Greek Dramatists Not Up to Homer

Ezra Pound, ABC of Reading (46-47):

“An epic is a poem including history.

Greek Drama depends greatly on the hearer or reader knowing Homer. It is my firm opinion that there are a great many defects in Greek drama. I should never try to stop a man’s reading Aeschylus or Sophocles. There· is nothing in this book that ought in any way to curtail a man’s reading or to prevent his reading anything he enjoys.

Ultimately, I suppose, any man with decent literary curiosity read the Agamemnon of Aeschylus, but if he has seriously considered drama as a means of expression he will see that whereas the medium of poetry is WORDS, the medium of drama is people moving about on a stage and using words. That is, the words are only a part of the medium and the gaps between them, or deficiencies in their meaning, can be made up by ‘action’.

People who have given the matter dispassionate and careful attention are fairly convinced that the maximum charge of verbal meaning cannot be used on the stage, save for very brief instants. ‘It takes time to get it over’, etc.

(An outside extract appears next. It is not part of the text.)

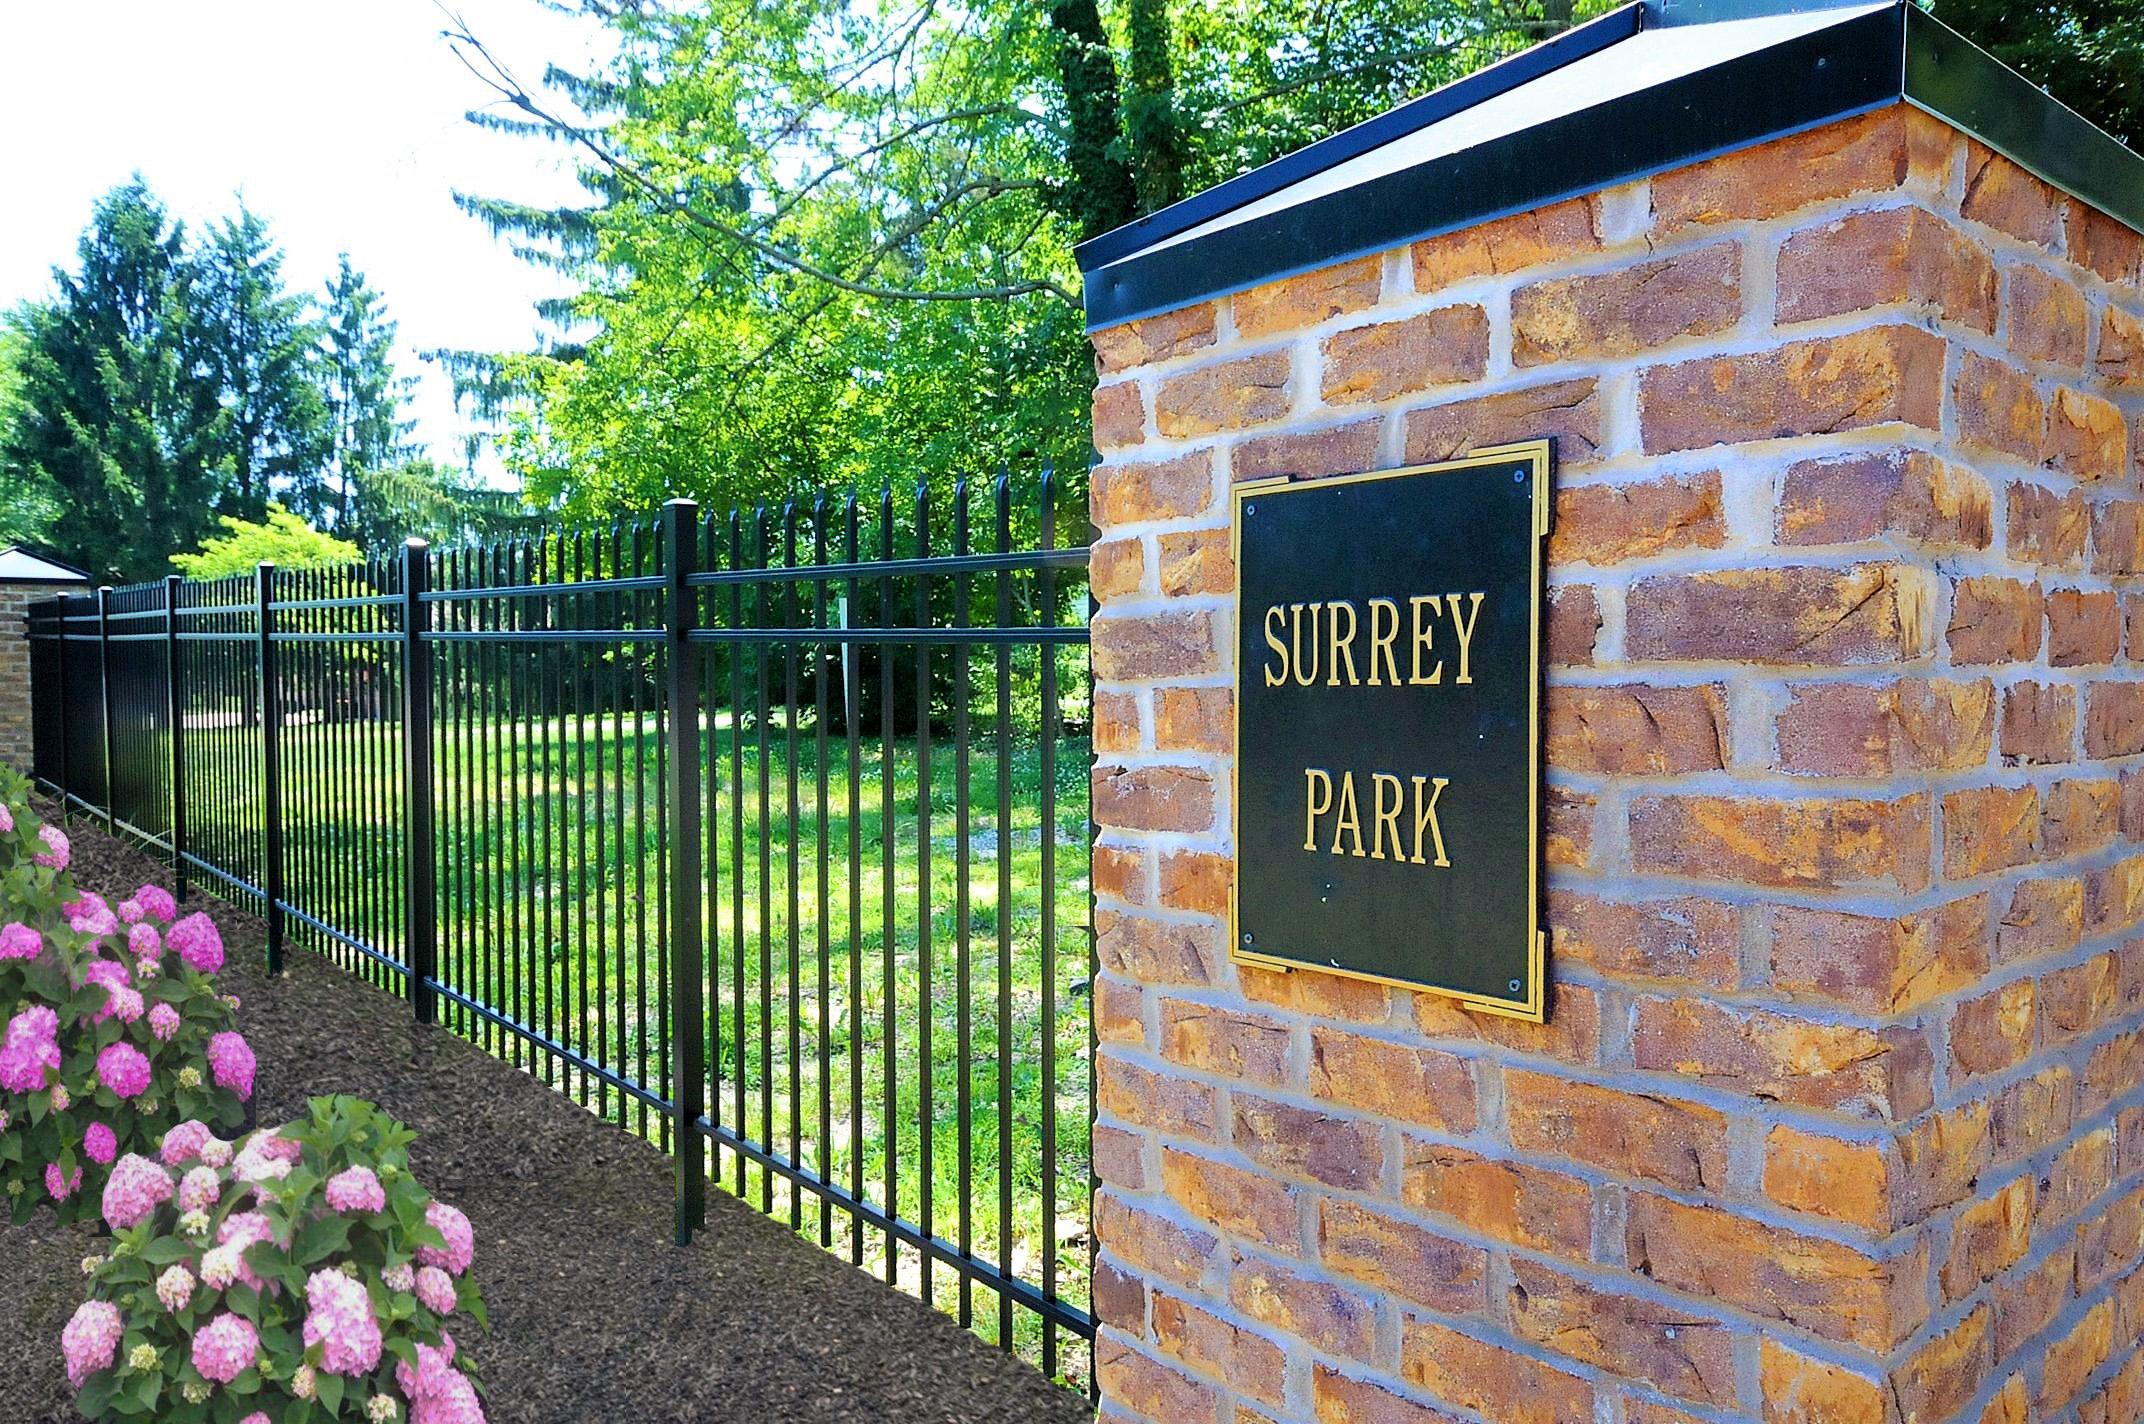 SurreyParksignfense

This is not a text-book of the drama, or of dramatic criticism. It is unfair to a dramatist to consider his WORDS, or even his words and versification, as if that were the plenum of his performance. Taken as READING MATTER, I do NOT believe that the Greek dramatists are up to Homer. Even Aeschylus is rhetorical. Even in the Agamemnon there are quantities of words which do not function as reading matter, i.e., are not necessary to our understanding of the subject.”